COGNITIVE_ACTIONS_EXECUTE_URL = "https://api.cognitiveactions.com/actions/execute"  # Hypothetical endpoint

action_id = "2dca5cf3-e8e3-4027-b2ea-57f99017e88b"  # Action ID for Generate Image with Inpainting

# Construct the input payload based on the action's requirements
payload = {
    "width": 1024,
    "height": 1024,
    "prompt": "realstic Prompt: \"A detailed portrait of a middle-aged man with a rugged face, wearing a leather jacket. He has piercing blue eyes and a determined expression. The background is a windswept desert landscape.\" - @Gary Makinson (fast)",
    "loraScale": 0.6,
    "outputCount": 1,
    "refineStyle": "no_refiner",
    "guidanceScale": 7.5,
    "applyWatermark": False,
    "negativePrompt": "",
    "promptStrength": 0.8,
    "schedulingMethod": "K_EULER",
    "highNoiseFraction": 0.8,
    "inferenceStepCount": 50
}

headers = {
    "Authorization": f"Bearer {COGNITIVE_ACTIONS_API_KEY}",
    "Content-Type": "application/json"
}

try:
    response = requests.post(
        COGNITIVE_ACTIONS_EXECUTE_URL,
        headers=headers,
        json={"action_id": action_id, "inputs": payload}  # Hypothetical structure
    )
    response.raise_for_status()  # Raise an exception for bad status codes (4xx or 5xx)

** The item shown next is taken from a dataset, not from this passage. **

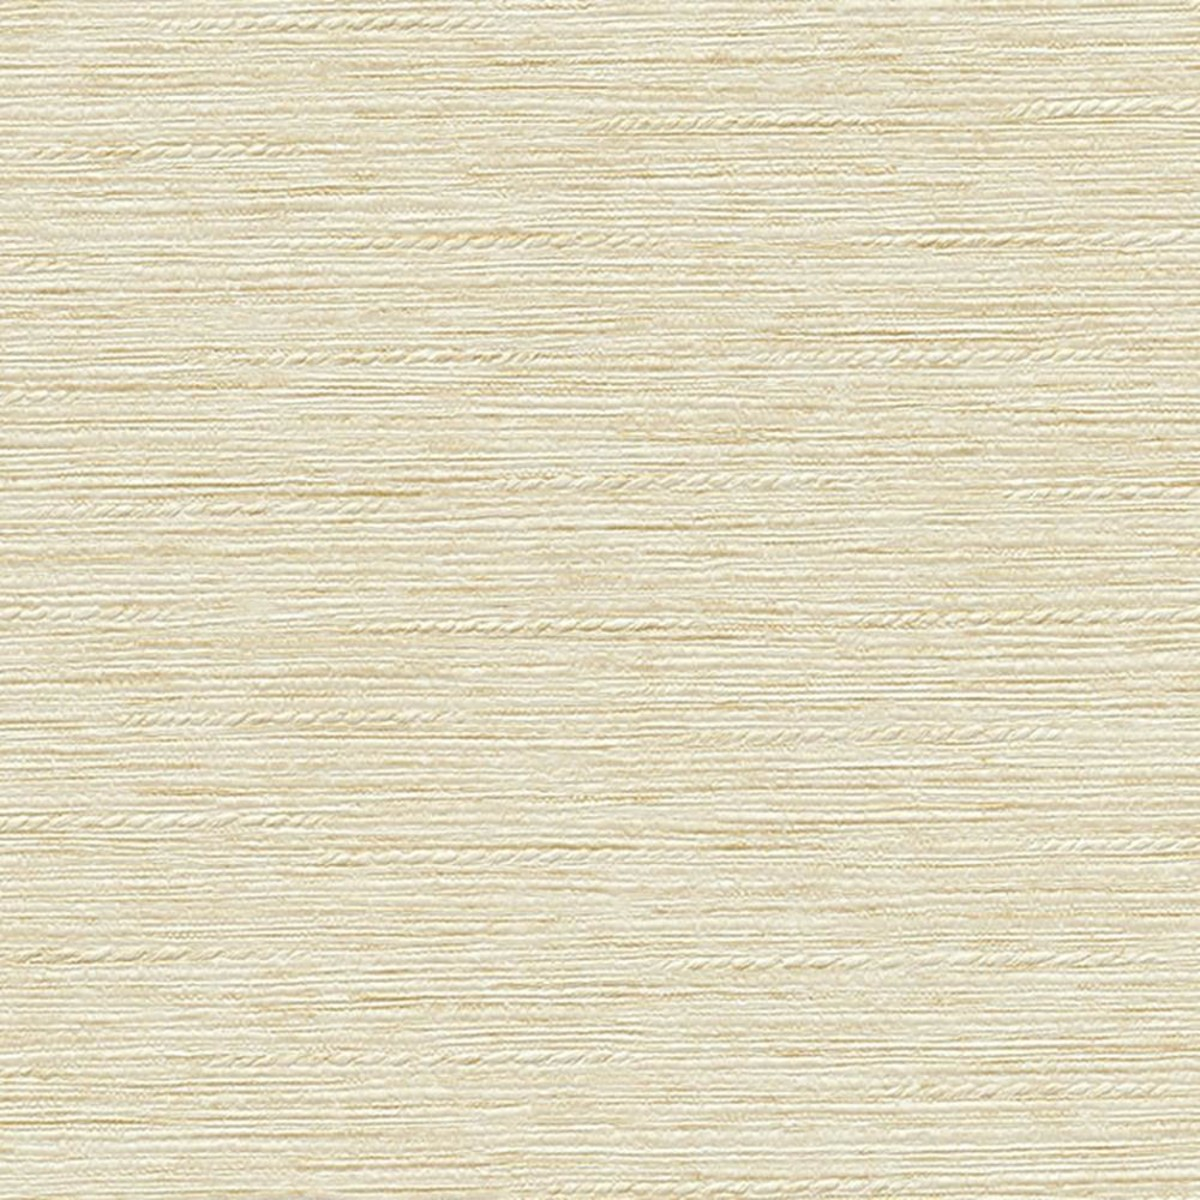 Обои виниловые Shinhan Wallcoverings бежевые 1.06 м 88277-2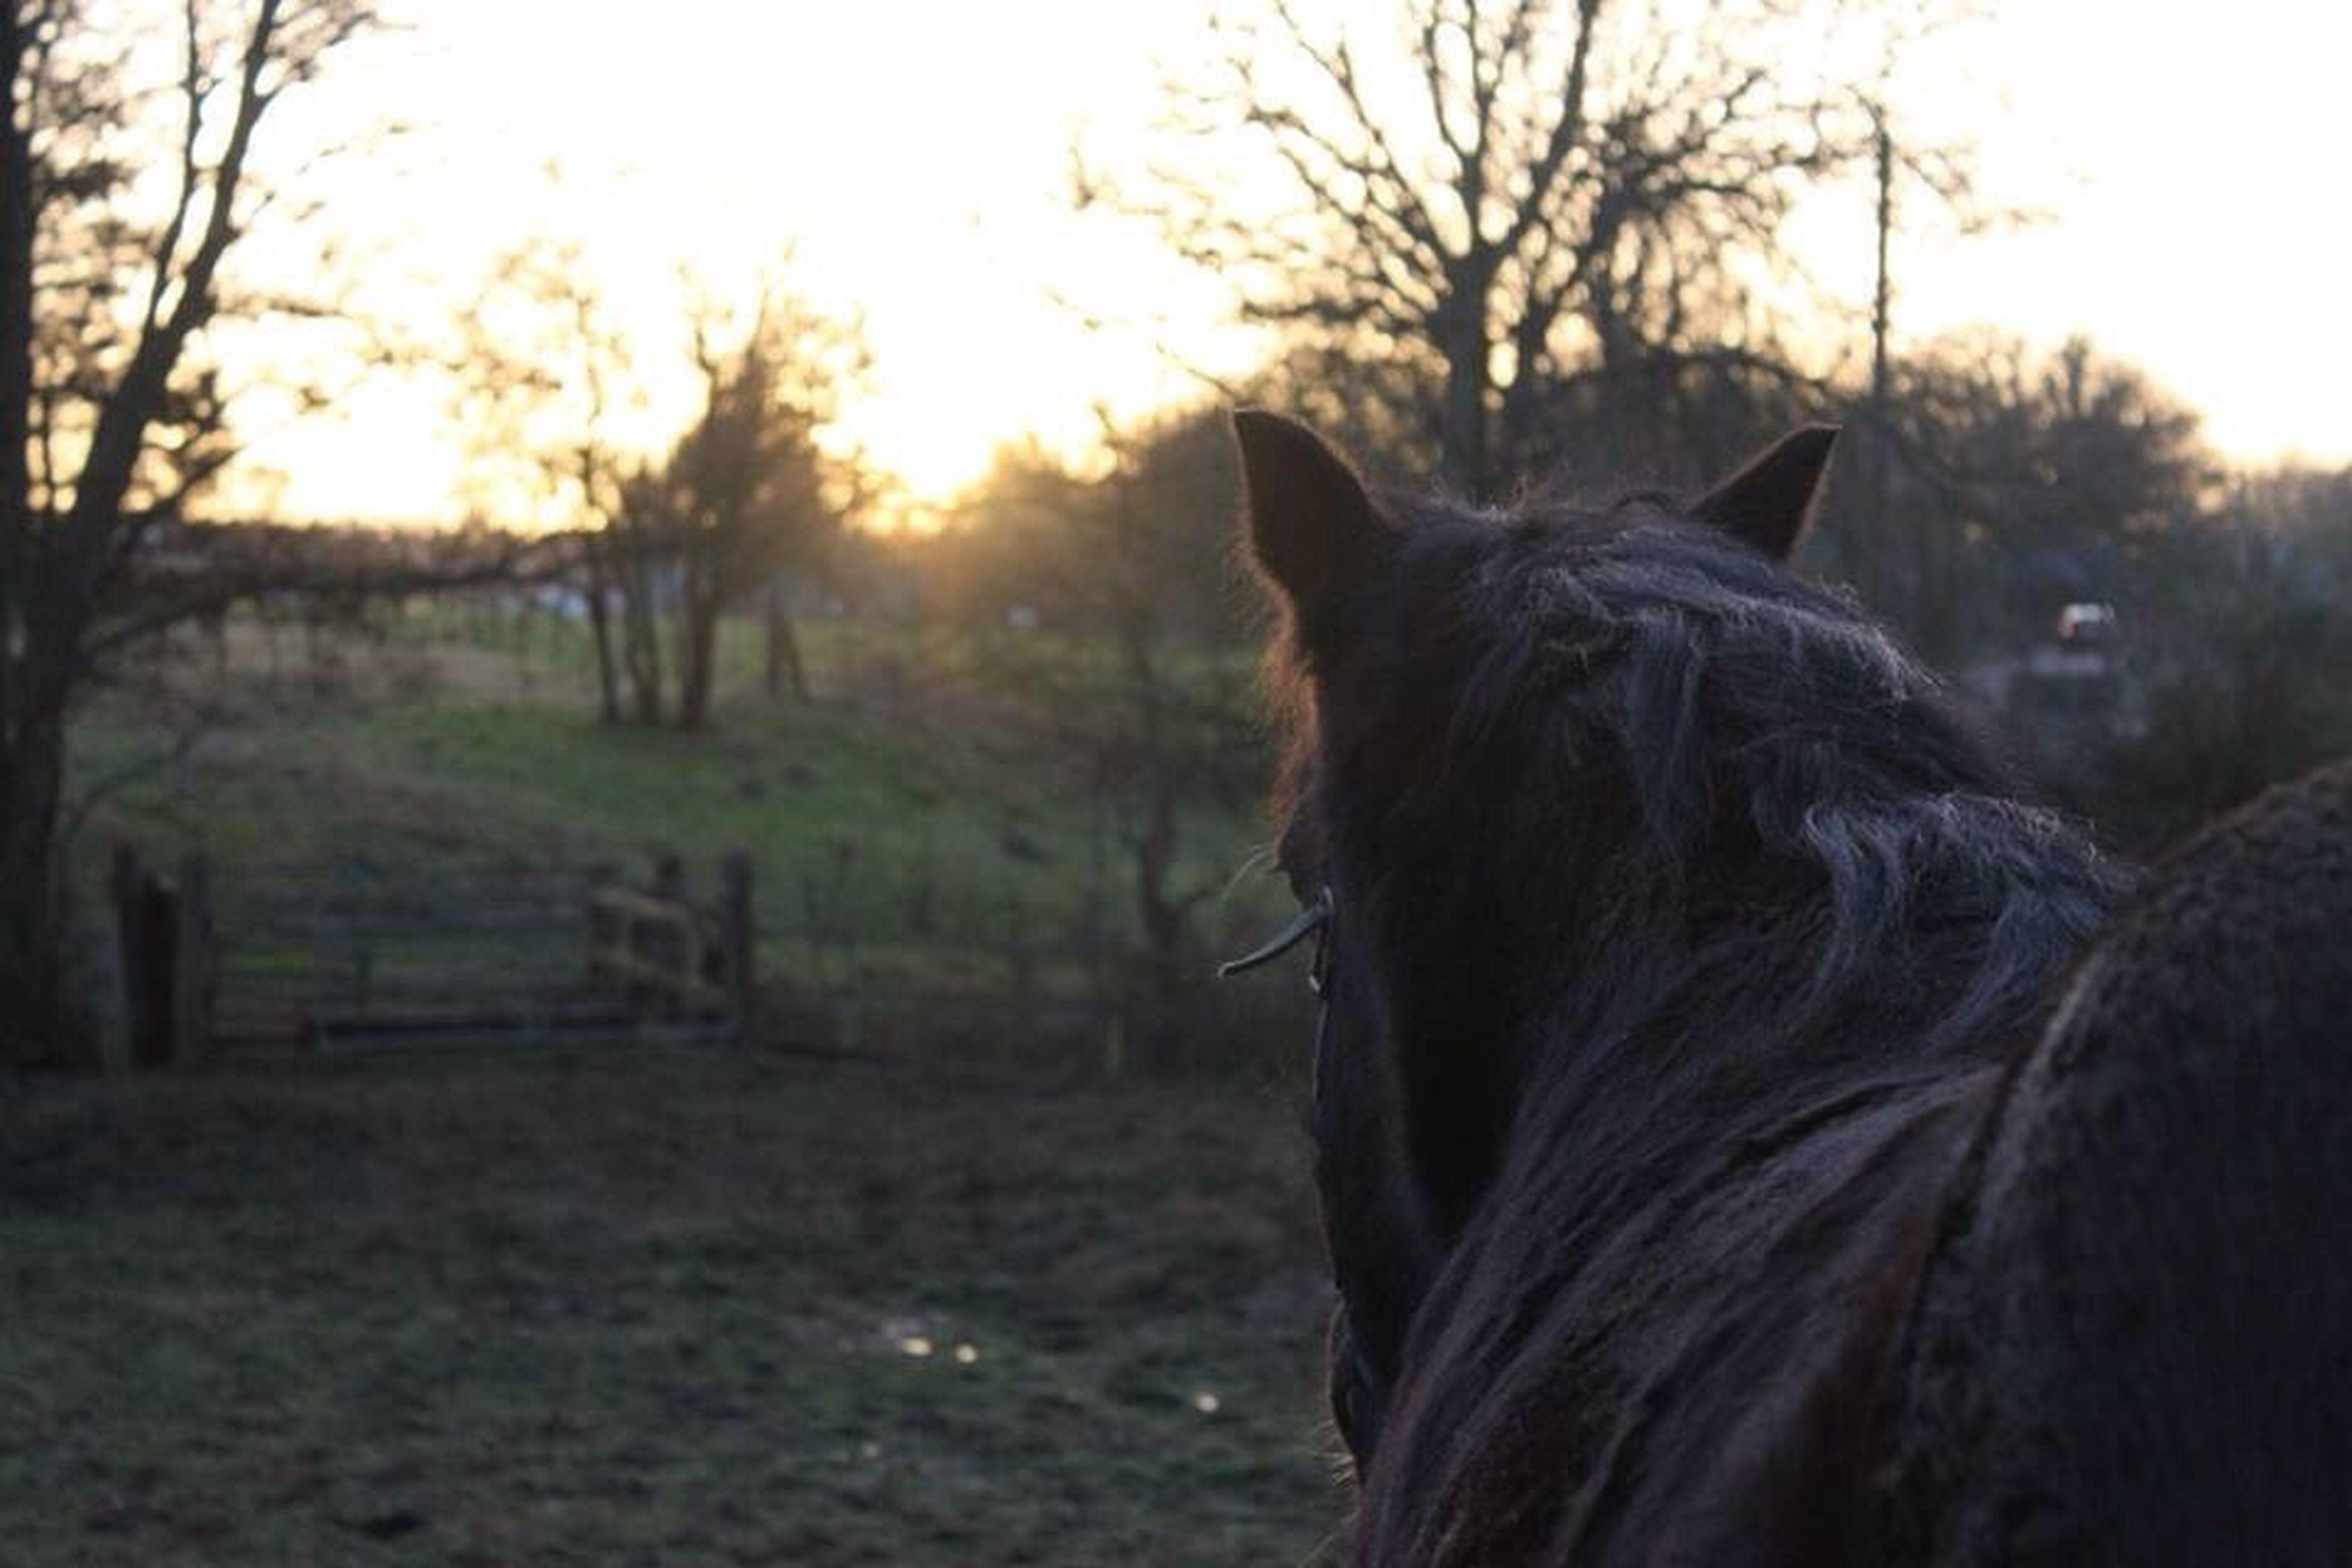 animal themes, domestic animals, mammal, horse, field, sunset, livestock, tree, one animal, landscape, grass, nature, rural scene, fence, sky, grassy, tranquility, tranquil scene, herbivorous, standing

    result = response.json()
    print("Action executed successfully:")
    print(json.dumps(result, indent=2))

except requests.exceptions.RequestException as e:
    print(f"Error executing action {action_id}: {e}")
    if e.response is not None:
        print(f"Response status: {e.response.status_code}")
        try:
            print(f"Response body: {e.response.json()}")
        except json.JSONDecodeError:
            print(f"Response body: {e.response.text}")

In this code snippet:

  • Replace the placeholder API key and endpoint with your actual credentials.
  • The payload is structured according to the required inputs for the action.
  • The response handling provides a simple way to check for errors and display the generated image URL.

Conclusion

The xarty8932/dream Cognitive Action for generating images with inpainting opens up a world of possibilities for developers looking to integrate image generation capabilities into their applications. With options for refinement, guidance, and customization, you can create high-quality images that meet your specific needs. As a next step, consider experimenting with different prompts and configurations to explore the full potential of this action. Happy coding!